E[b] is the expected count under within-trial uniformity with edge correction:

E[b] = ec_shape[b] * sum_k( n_i(k) * n_j(pairing[k]) )

where ec_shape[b] = scale[b] * w[b] * (d - binstop[b] + w[b]/2) / d^2 and the sum is over trials k. The per-trial product n_i(k) * n_j(pairing[k]) respects trial-by-trial rate variation: trials where both neurons fire more contribute proportionally more expected coincidences. When trial durations are uniform (after clip_to_window), ec_shape factors out and the per-trial products are computed as a single matrix multiply (trial_counts @ paired_counts.T).

The centre bin receives coincidences from both positive and negative lags, so scale = 2 and w = bin_size / 2 for that bin; side bins have scale = 1 and w = bin_size.

A_i, A_j are the edge-corrected auto-correlation terms, each summed across trials:

A_i = sum_k [ count_auto_first(u_i_k, bin_size)
              - 2 * E_auto(n_i_k, d_k) ]

count_auto_first counts spike pairs within bin_size of each other (including self-pairs). The factor of 2 on the expected auto count (rather than 1) matches the cross-correlation context: the denominator must normalize the two-sided cross-histogram at lag 0.

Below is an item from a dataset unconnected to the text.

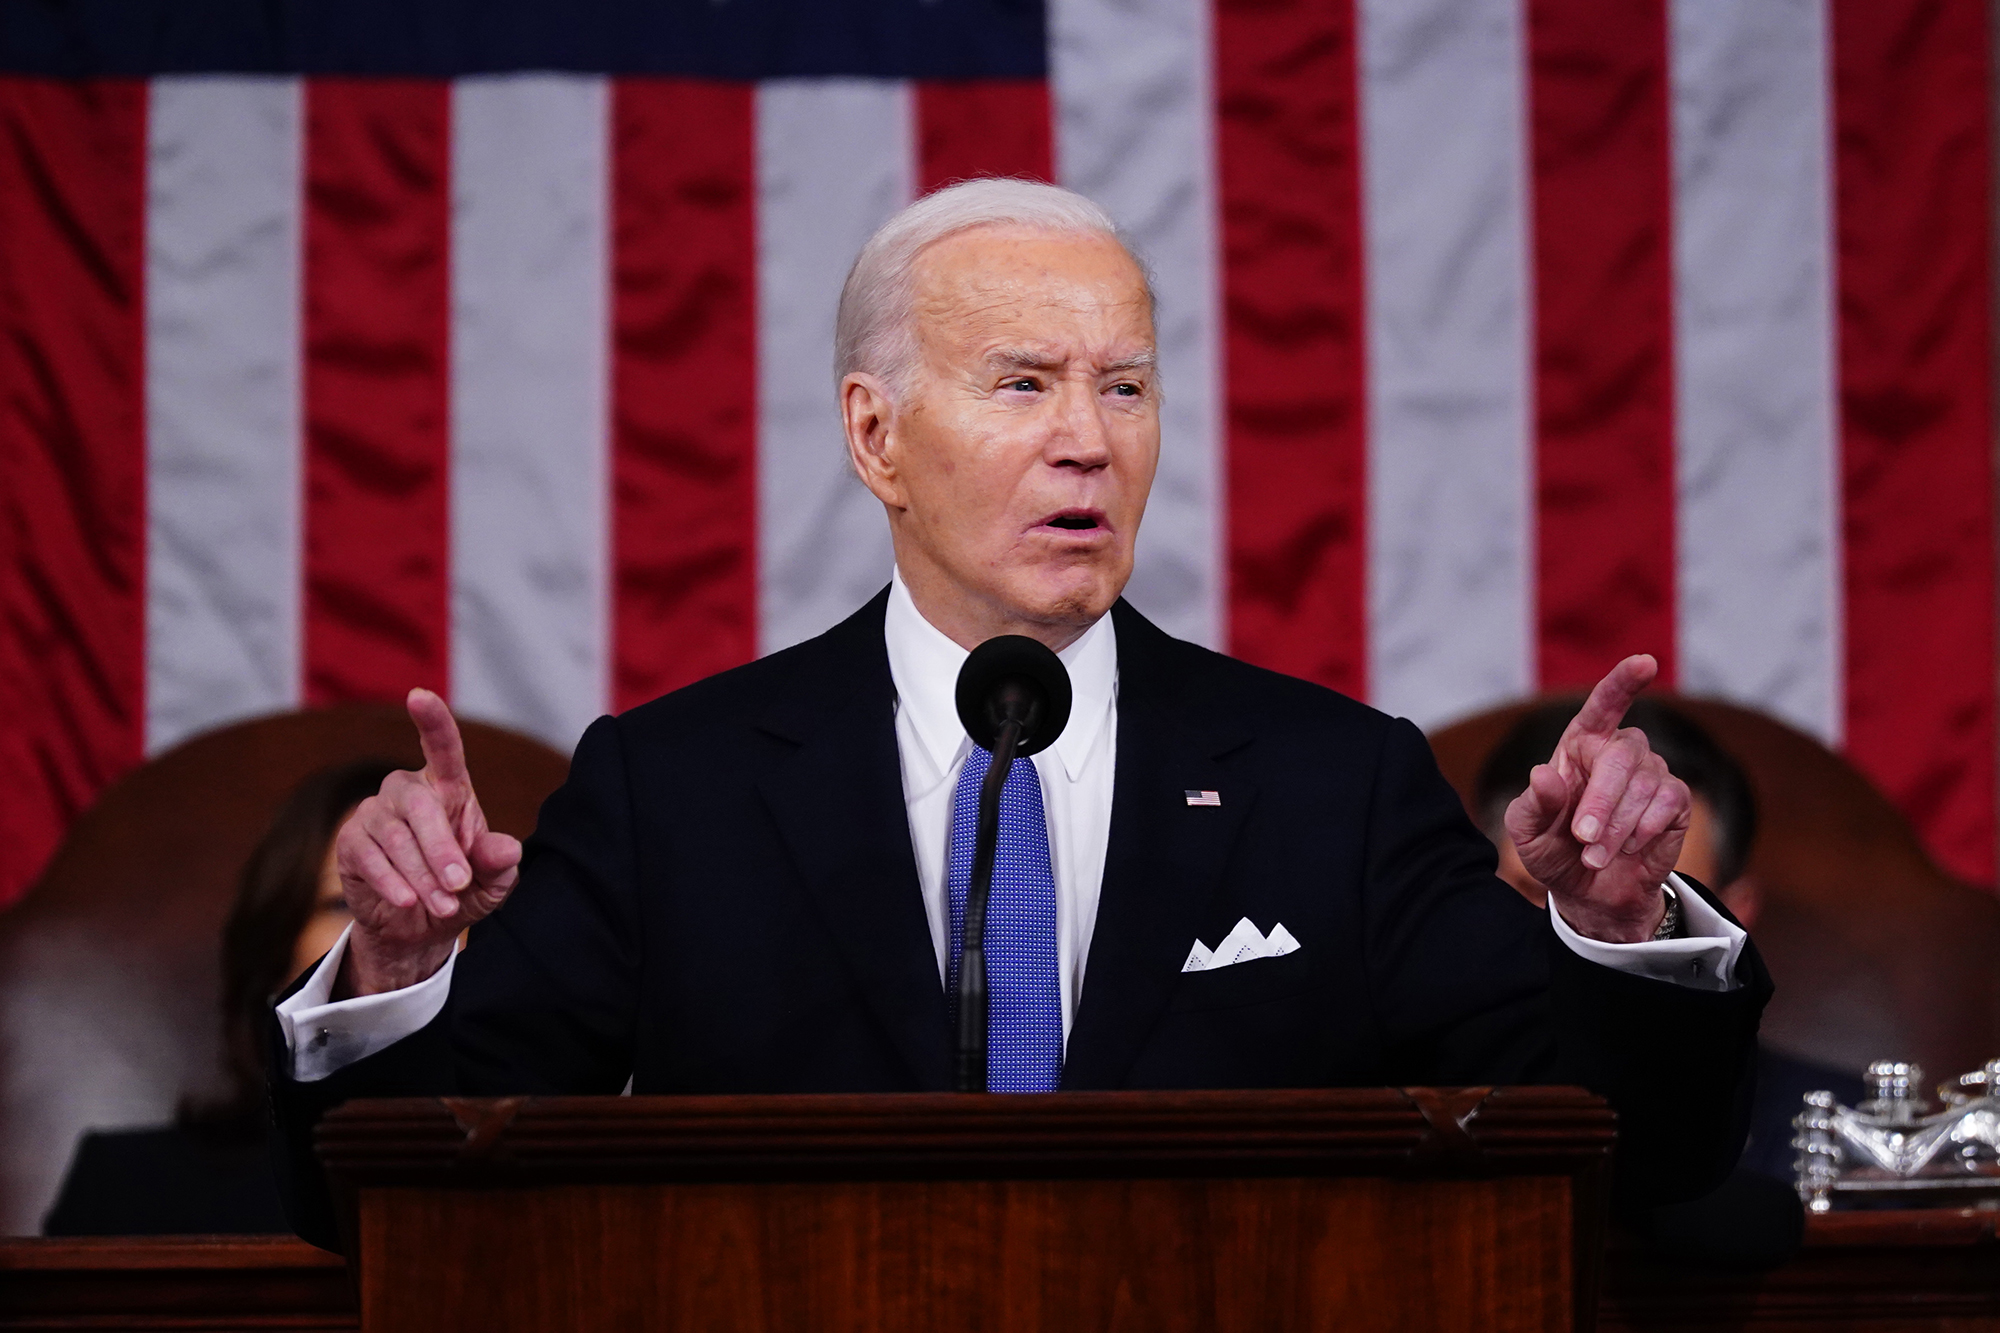 Joe Biden ฉายวิสัยทัศน์แห่งความเข้มแข็งและความเป็นผู้นำในการปราศรัยเรื่องสถานะของสหภาพ

aind_ephys_utils.metrics.ccg_trial_surrogates(trial_segments: TrialSegments, pairings: Iterable[ndarray], *, bin_size: float = 0.001, max_lag: float = 0.1, normalize: str = 'corrcoef', exclude_zero_lag_autocorr: bool = True, include_autocorr: bool = True, pairs: ndarray | None = None, reduce: Callable[[ndarray, ndarray], ndarray] | None = None) → Iterator[ndarray]¶

Compute trial-paired CCGs for many pairings with double-buffered pipeline.

Overlaps the numba kernel (worker thread) with Python scatter/normalization (main thread) for ~30% throughput improvement over sequential ccg_trial_paired() calls.

Parameters:

trial_segments – Output of clip_spikes_to_trials().
pairings – Iterable of (n_trials,) integer pairing arrays.
bin_size – Histogram bin width (seconds).
max_lag – Maximum lag (seconds).
normalize – Normalization mode.
exclude_zero_lag_autocorr – Zero the central bin for autocorrelograms.
include_autocorr – Compute autocorrelograms on the diagonal.
reduce – Optional reduction (lags, C) -> result. Applied during scatter so the full CCG is never returned.

Yields:

np.ndarray – The reduced result if reduce is provided, otherwise the per-pair CCG.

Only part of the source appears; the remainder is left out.